Giant Sand
30 de enero de 2010
Teatro Isidoro Máiquez, Granada
Texto y foto: EDUARDO TÉBAR.
Todo el mundo tiene un disco de cabecera. Ese artefacto revelador que entra en la vida de uno como un torbellino. Portada gigante, surcos ajados y la querencia inevitable por una de las dos caras. El ritual forma parte de la educación sentimental de cualquier melómano en ciernes. Para Howe Gelb, ese álbum es «At San Quentin» (1969), segundo lance penitenciario grabado en directo por Johnny Cash. La semana pasada, la iniciativa «We used to party», impulsada por el sello y promotora Houston Party, ofreció al líder de Giant Sand la posibilidad de recrear en vivo el tesoro más preciado de su colección de vinilos por distintos escenarios españoles.
El Hombre de Negro se desenvolvía con casta y dejó el armario lleno de trajes holgados de bravura. Enfundarse en uno de ellos supone hoy un riesgo temible. El de Tucson lo asume de manera digna, pero con desigual fortuna. En Granada, como segunda cita del ciclo Fonorama, el puntal del country alternativo de los últimos veinticinco años se metió en el papel de su héroe, aunque sin dejar de ser él mismo. ¿Problema? El experimento no convenció a los ultras de Cash. Tampoco a los seguidores de Giant Sand, que guardaban en la retina la estampa de un Gelb lúcido, seductor y críptico sentado al piano en su anterior visita a la ciudad.
El veterano de Arizona apeló a la bendición divina de Johnny Cash. Su particular ángel de la guarda participó proyectado sobre la banda durante todo el recital. En una atmósfera muy distinta del correccional, la verdad. Bien lejos de la euforia cortante que se reflejó en la filmación del concierto entre las húmedas paredes de San Quintín. Recordemos que aquel Cash despegaba hacia el éxito masivo en Estados Unidos tras una turbia etapa de adicción a las anfetaminas y varios arrestos. El show carcelario mostraba a un artista triunfal, explosivo y feliz en pleno idilio con June Carter.
La voz cavernosa de Howe Gelb, tan arraigada en el tuétano norteamericano, otorga el punto de íntima melancolía del que carece el álbum original. ¿Y sus músicos?
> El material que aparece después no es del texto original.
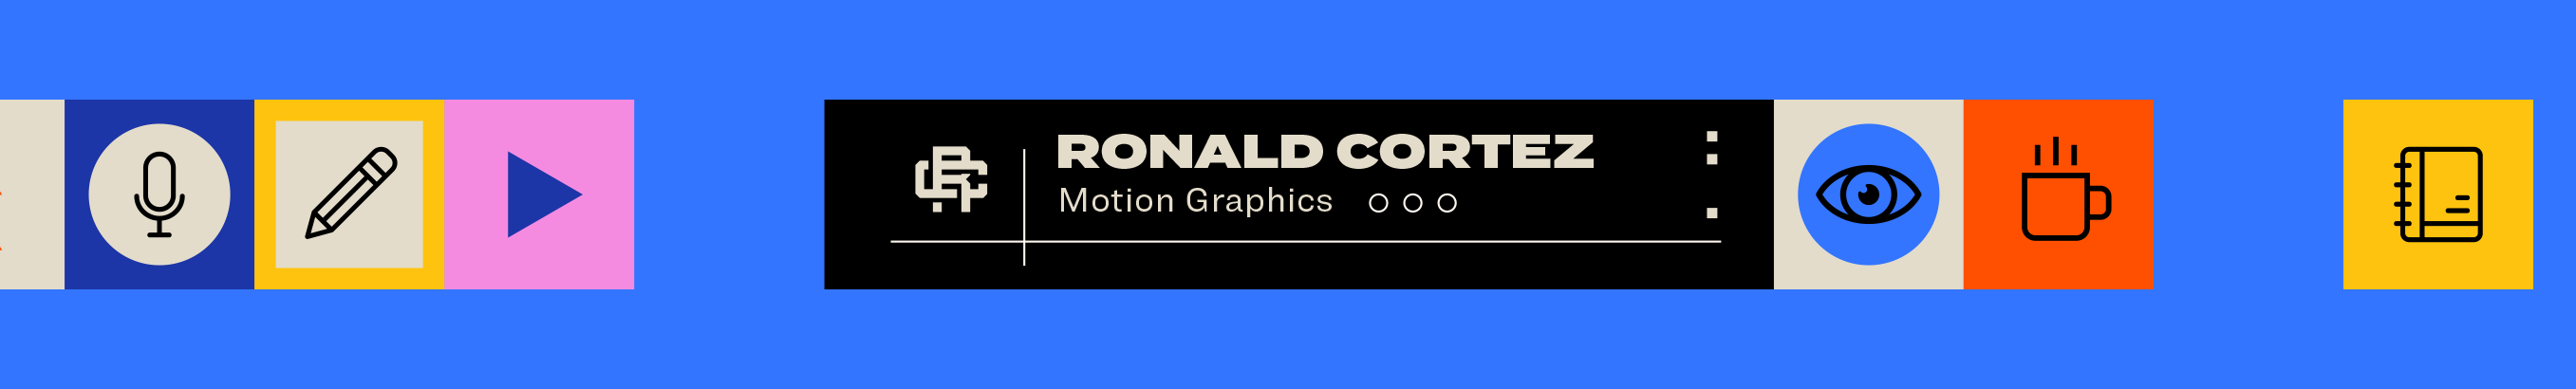 Ronald Cortez's profile banner

Uf, difícil borrar de la mente a Carl Perkins y a los Tennessee Three. Unos vacilantes Giant Sand arramblan con juego de cintura ‘I walk the line’ o los punteos de ‘San Quentin’. En cambio, languidecen con aparatosidad en la humorística ‘A boy named Sue’ o en la esperadísima –la guardaron para los bises– ‘Ring of fire’. Repertorio que Gelb desordena y estira como un elástico. Eso sí, respetando determinadas alocuciones del cantautor de Nasville. Por su parte, la escandinava Sille Kille agrada como intérprete de la Carter. Muy aplaudidas, por cierto, ‘Darlin companion’ y ‘(There’ll be) Peace in the valley’.
«At San Quentin», uno de los actos solidarios más hermosos de la música popular del siglo XX, recogía la inmediatez del rock and roll, la amargura del blues, la versatilidad del folk y la memoria histórica del country. Howe Gelb se mantiene en la terna engordando su propio legado. Ya trabaja en la visión gitana del desierto con Raimundo Amador. Por lo pronto, se ha ganado la condicional.